● Given material

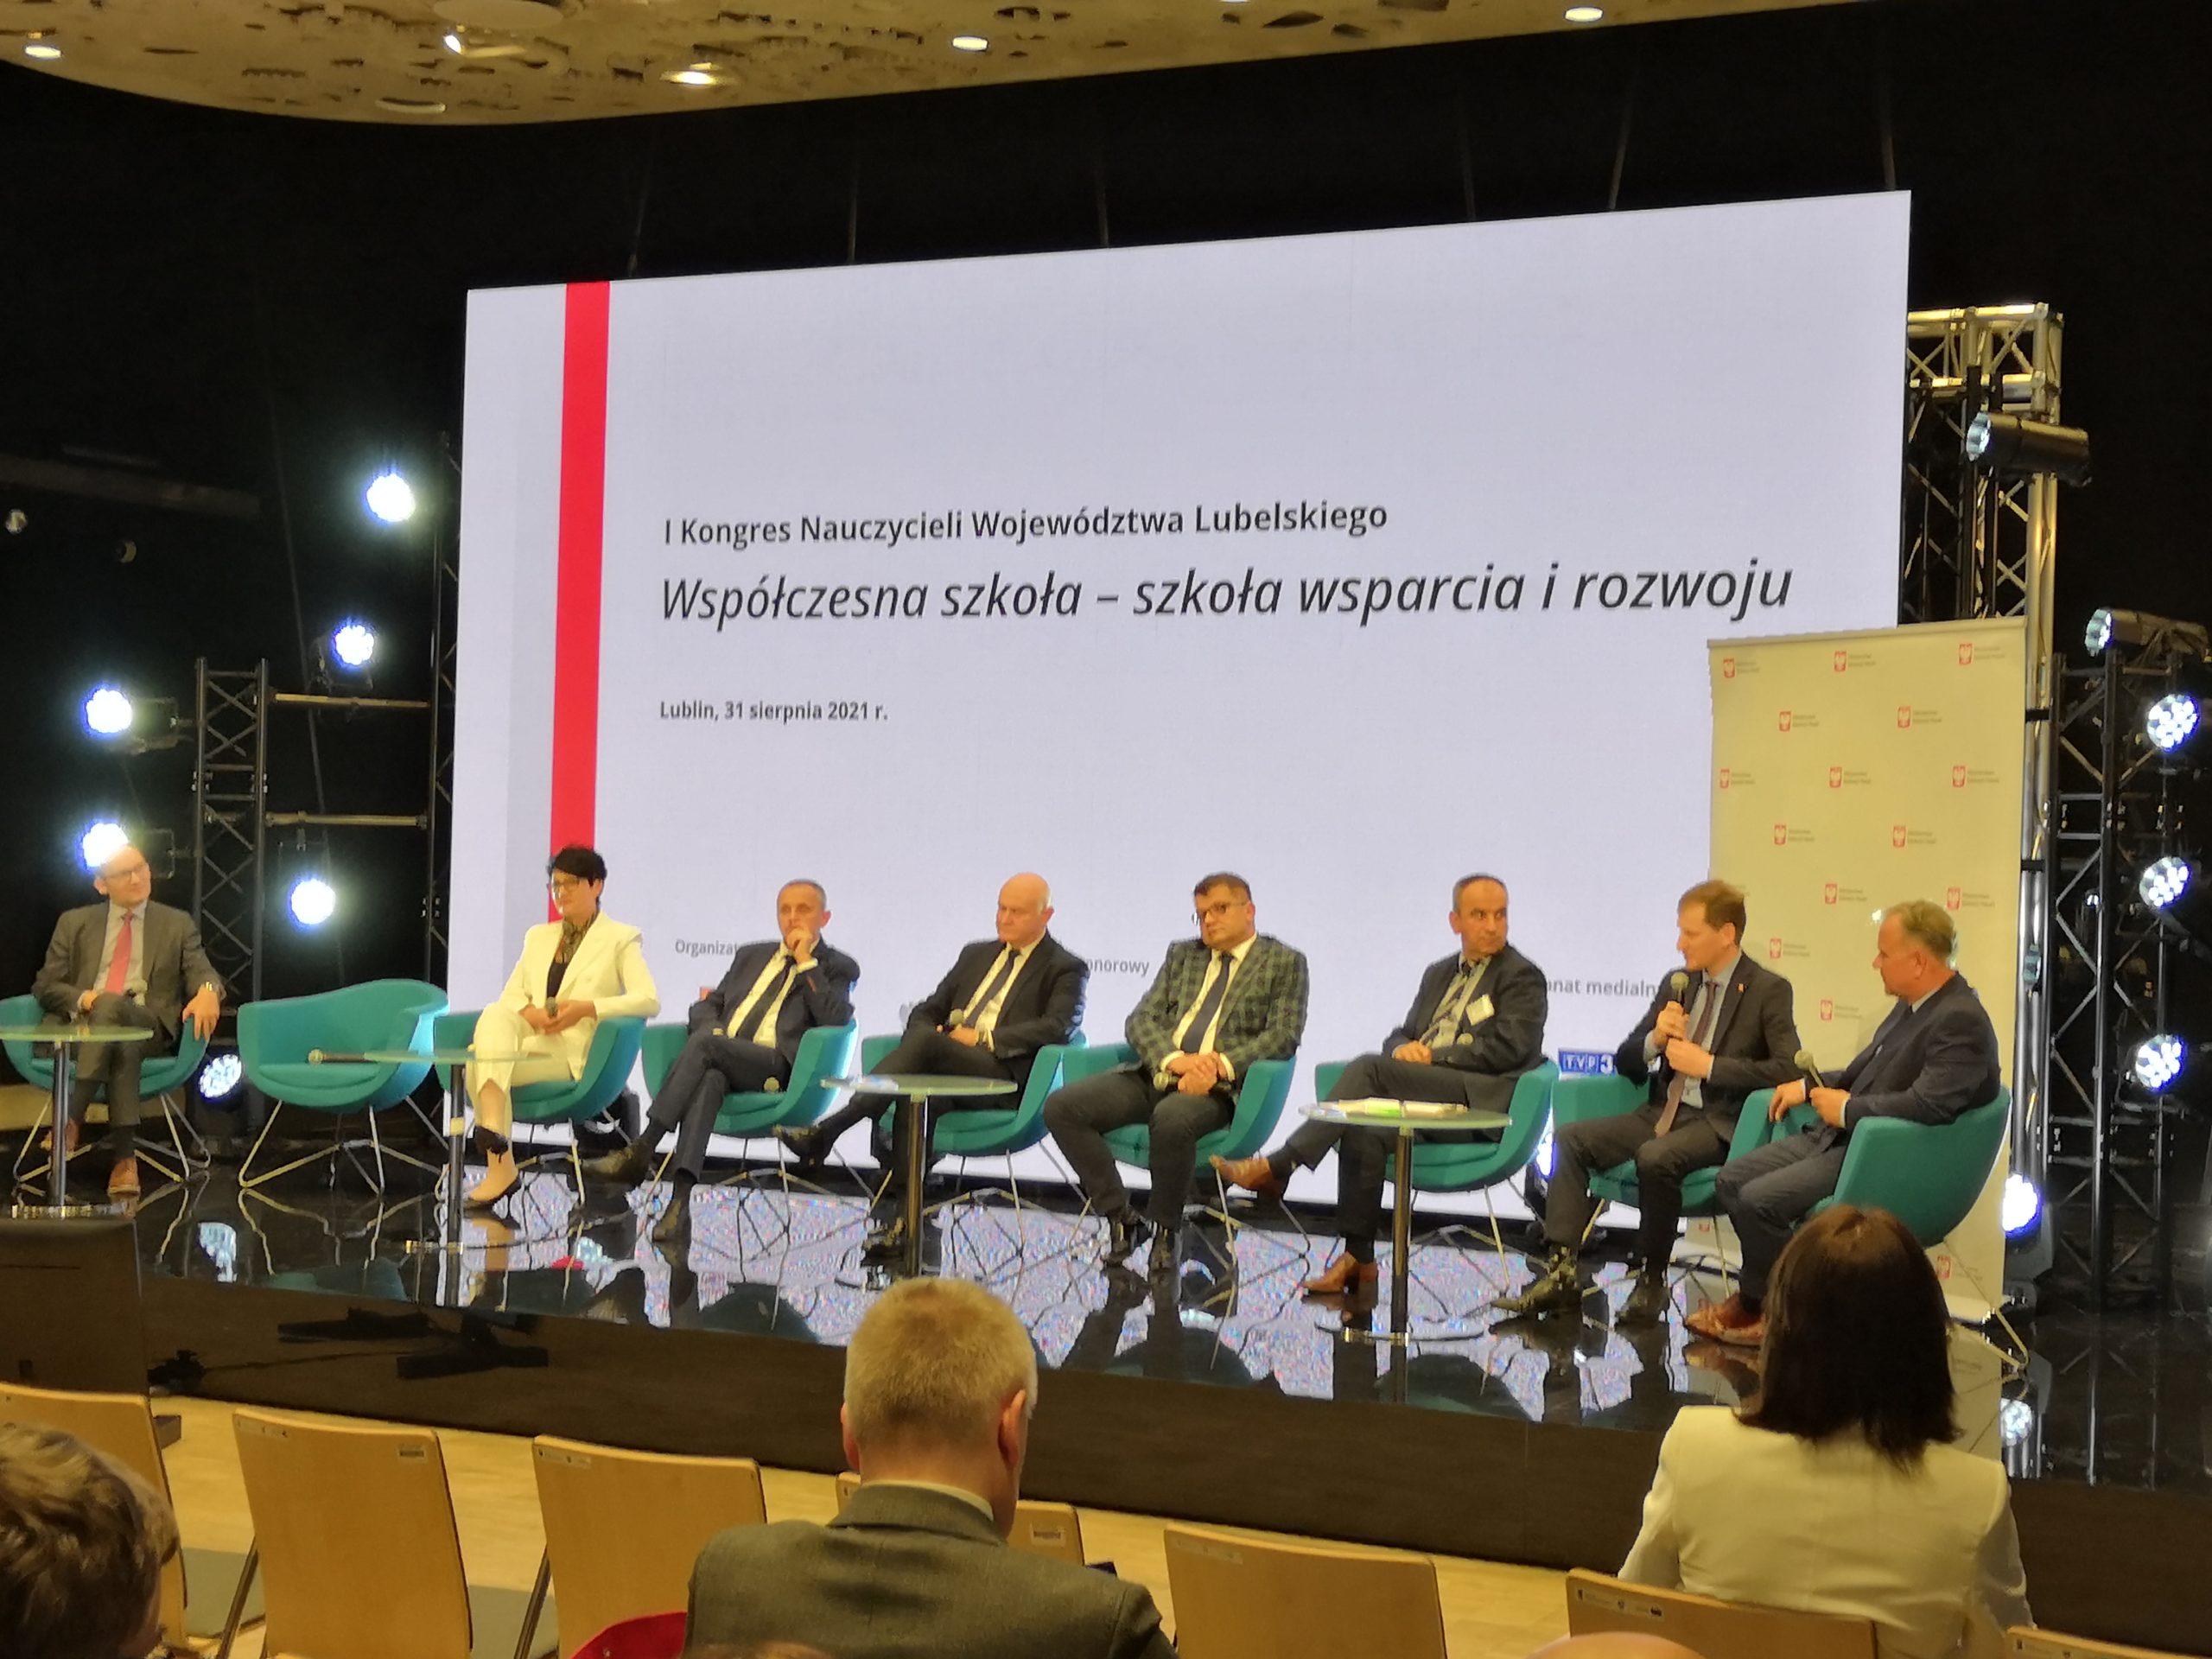 IBE na I Kongresie Nauczycieli Województwa Lubelskiego
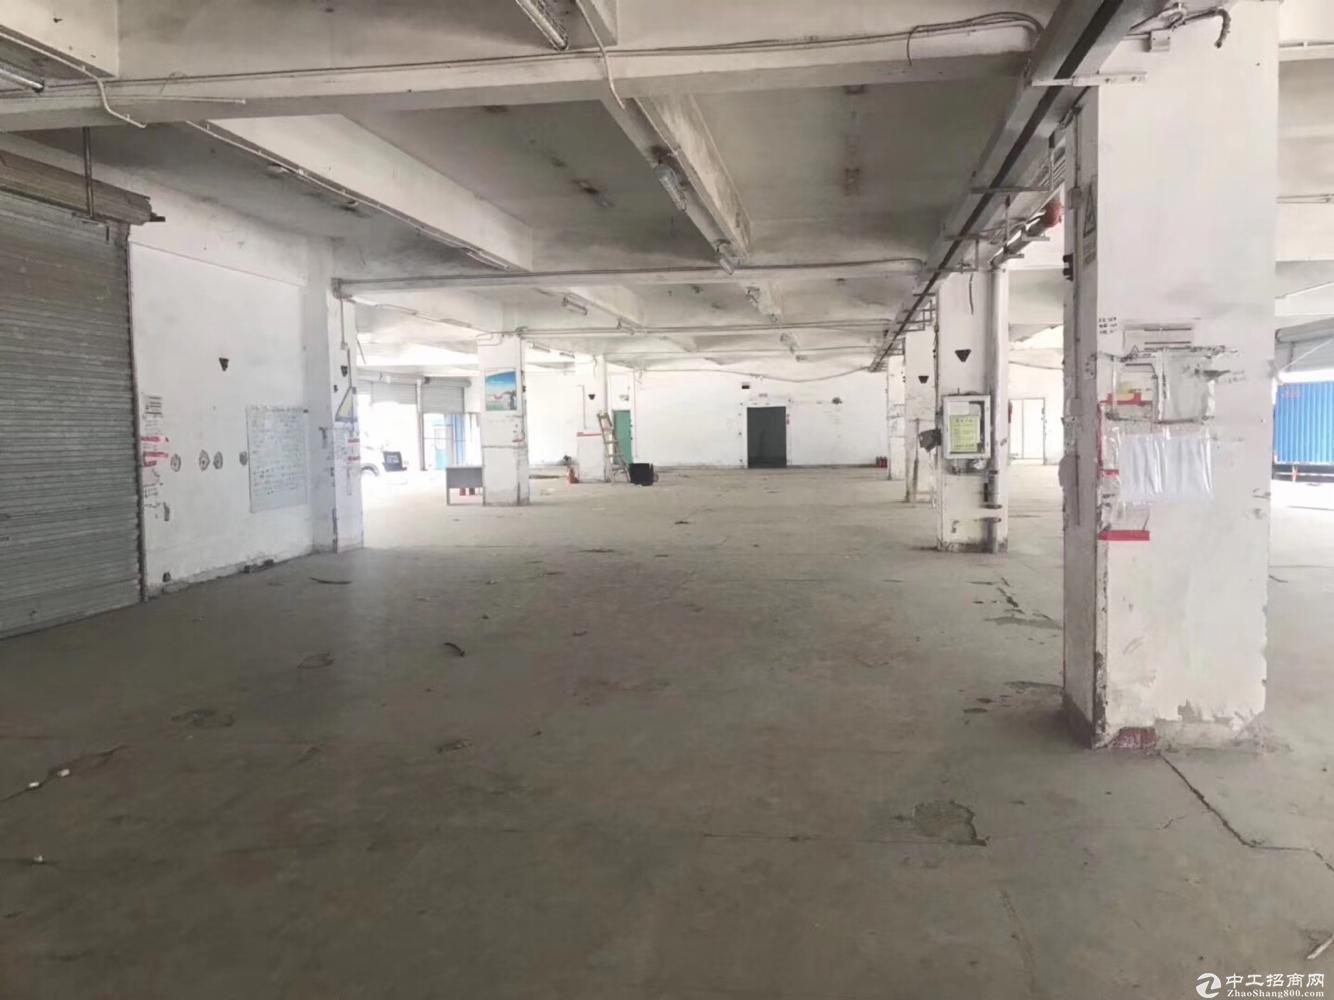 坂田一楼仓库快递物流园仓储配送300平至2300平空地超大
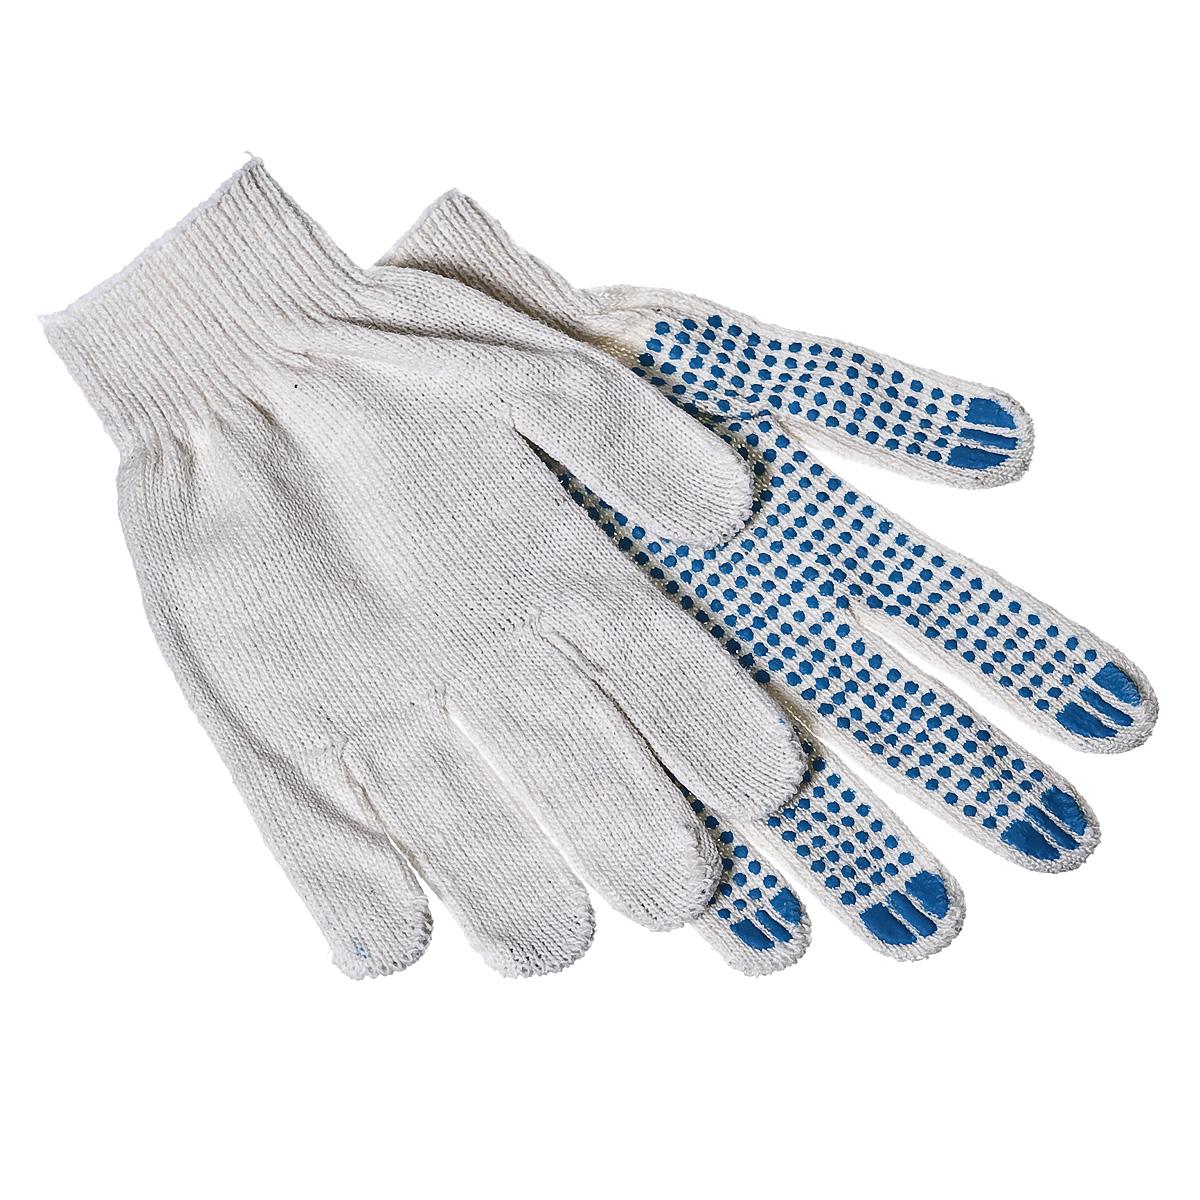 Перчатки 4 нити х.б. с ПВХ покрытием

● What is required
From the first line to the last, retype the data exactly, but omit every image.

● Task answer
 IBE na I Kongresie Nauczycieli Województwa Lubelskiego
 坂田一楼仓库快递物流园仓储配送300平至2300平空地超大
 Перчатки 4 нити х.б. с ПВХ покрытием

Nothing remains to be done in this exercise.